It's not that big about 30cm-40cm tall and 10cm wide and can be broken down a bit into it's main component parts easily (hopper, lid and collector with no tools, even the handle comes off with just one grub screw with an small allen key). Yes grinding for an espresso takes time and is primarily why I modded it to take the power option, Haro/feldgrind or others won't be any better in that respect (the time for grinding an espresso) but might be smaller to start with, I don't have a comparison for consistency but I have no issues with the grind consistency of the Handground at all.


----------



## Oneds (Jun 4, 2015)

Ok have killed it in spectacular style, running the drill for a full hopper on 1 + a spacer to grind for espresso, the metal axle heated the surrounding bushing which then melted the mounting made in plastic, axle came out of alignment stripped the gear and gouged a good bit of the plastic from the gearbox casing, new lid on the way for $20 from the US. Oh well I do like it though, and the response/service from handground has been great so far.


----------



## Morningfuel (May 19, 2016)

Interesting, I have seen them up for sale now and they look good, but I was rather hoping for absolutely glowing reviews.

It's a shame the suggested settings are off. And I'm surprised it's not a bit quicker to grind, although it does sound a bit quicker than my rhinowares.

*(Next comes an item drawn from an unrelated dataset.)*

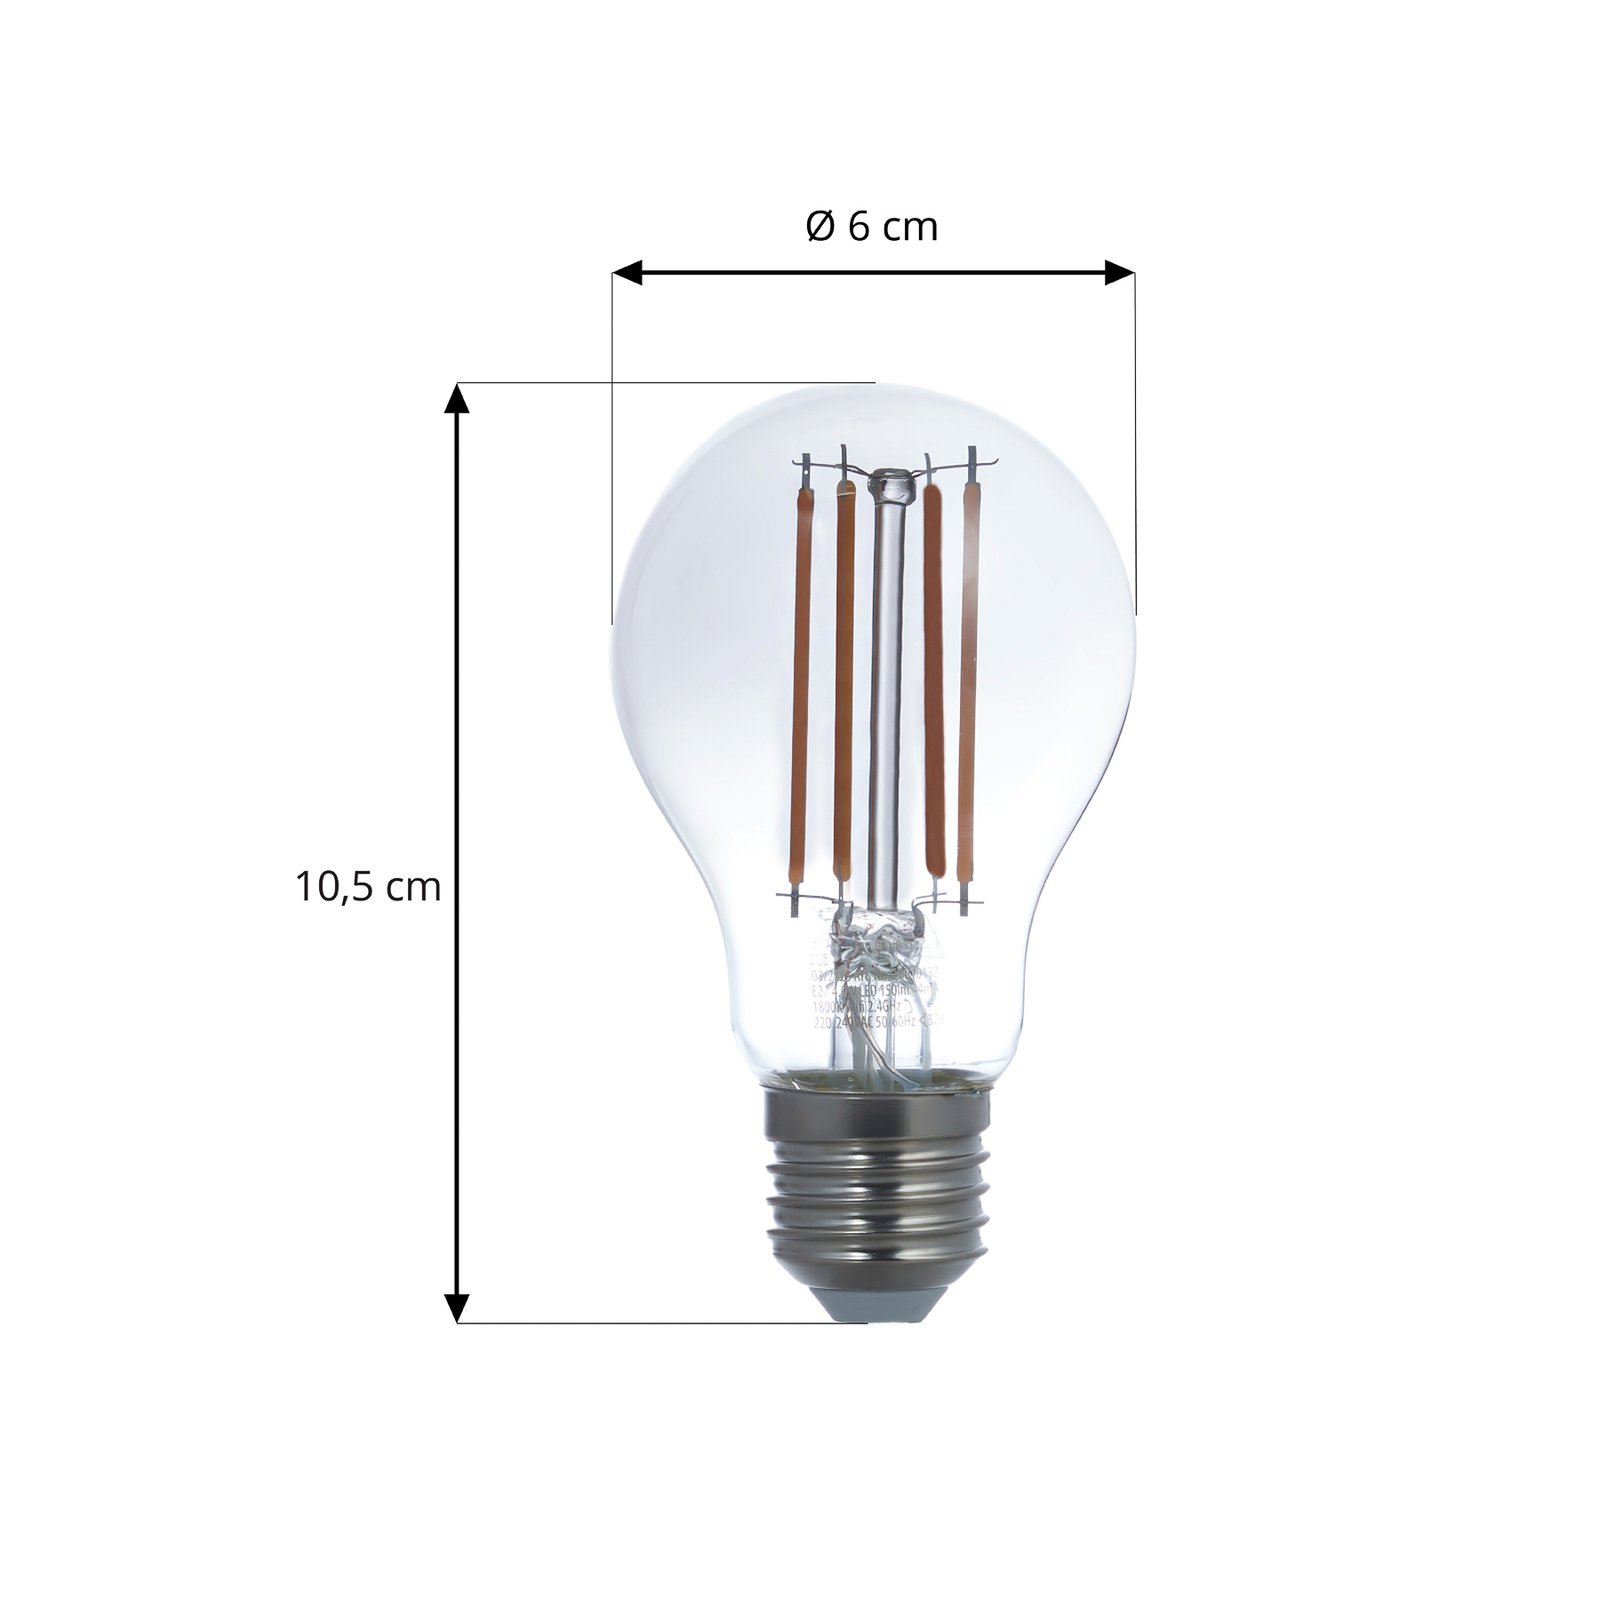 LUUMR Smart LED hehkulanka, 3-osainen, harmaa, E27, A60, 4.9W, Tuya

I'm wondering if I'd do better to go for an electric one. When travelling I am happy with the aeropress and rhinowares, and for home I'll be able to use the rhinowares for pourover, aeropress and moka pot, then use a motorised one for espresso.


----------



## Richard_severn (May 3, 2017)

I have a handground and its great for most things. I tried it for espresso and it's not fine enough my burrs are touching on setting one.

A bit about the handground when I got mine the central burr was wonky. I ordered from Coffee Hit but didn't bother emailing them, I went straight to the handground guys in America and got a really fast reply with a way of sorting it but sadly that didn't work they were in China when I emailed them and said once they were back in the USA they would post me a replacement set of burrs, 4 or 5 days later I had a new set of burrs, fitted them and yet again the center was not level. In the end, to sort it I had to take the plastic inserts out of the center butt, put the insert on the shaft first then the burr press down the center burr until it was touching the outer one and then tighten down the thumb nut after that it sorted it. I did use some thread lock on the nut as well as it kept falling off during grinding and obviously that's not good as it would mess up the coffee, half would be the right grind then the other half would be coarser than french press.

My experience of the grinder since sorting it is great, I find it grinds consistently and is fine for all the pour over Aeropress and immersion brewing I do but having just got an espresso machine it doesn't cut it, yes i could install the included shims and wear down the burrs a bit to get a finer grind but I shouldn't have to do something like that. It isn't marketed as an espresso grinder so I'm not bothered by the fact that it doesn't do it. Everything else about the grinder screams quality, the polycarbonate body is perfect and is really nice, it has threaded inserts at the bottom so you can't strip the plastic the handle is nice and the wooden knob just makes it warmer to use and makes me feel nice. the burrs are really nice quality and their customer service is exceptional its worth the money in my eyes if you want a hand grinder that has the ability to go from one setting to another and be repeatable. By this I mean french press in a morning, say number 7 is how you like it then you do a v60 later on and you like it on number 4 those numbers should never change so you can switch between the 2 settings and know every time it's in the right place

Also with Oneds post about melting the housing, they do specifically say in the manual now not to attach a power drill or similar to the grinder it's for hand use only. Maybe that's why they added this in :')

Morning fuel, if you have any more questions about it let me know and I will do my best to answer them from the experience I have had with it so far, or if you want any pictures of it I can send some over.


----------



## Oneds (Jun 4, 2015)

Well I think the handground works perfectly for occasional/travel, however for everyday regular espresso grinding it takes too long and is not robust enough to hook up to a drill like I have done, I have no issue with them adding the caveat, I knew I was pushing it when I modded it so was happy to pay for the parts I broke.

Anyway it is consistent and a quality product so if it's backup, coarser grinding machine or transportable you are after it will be more than up to the job. This one will become that as soon as I can save enough for a Mazzer mini.


----------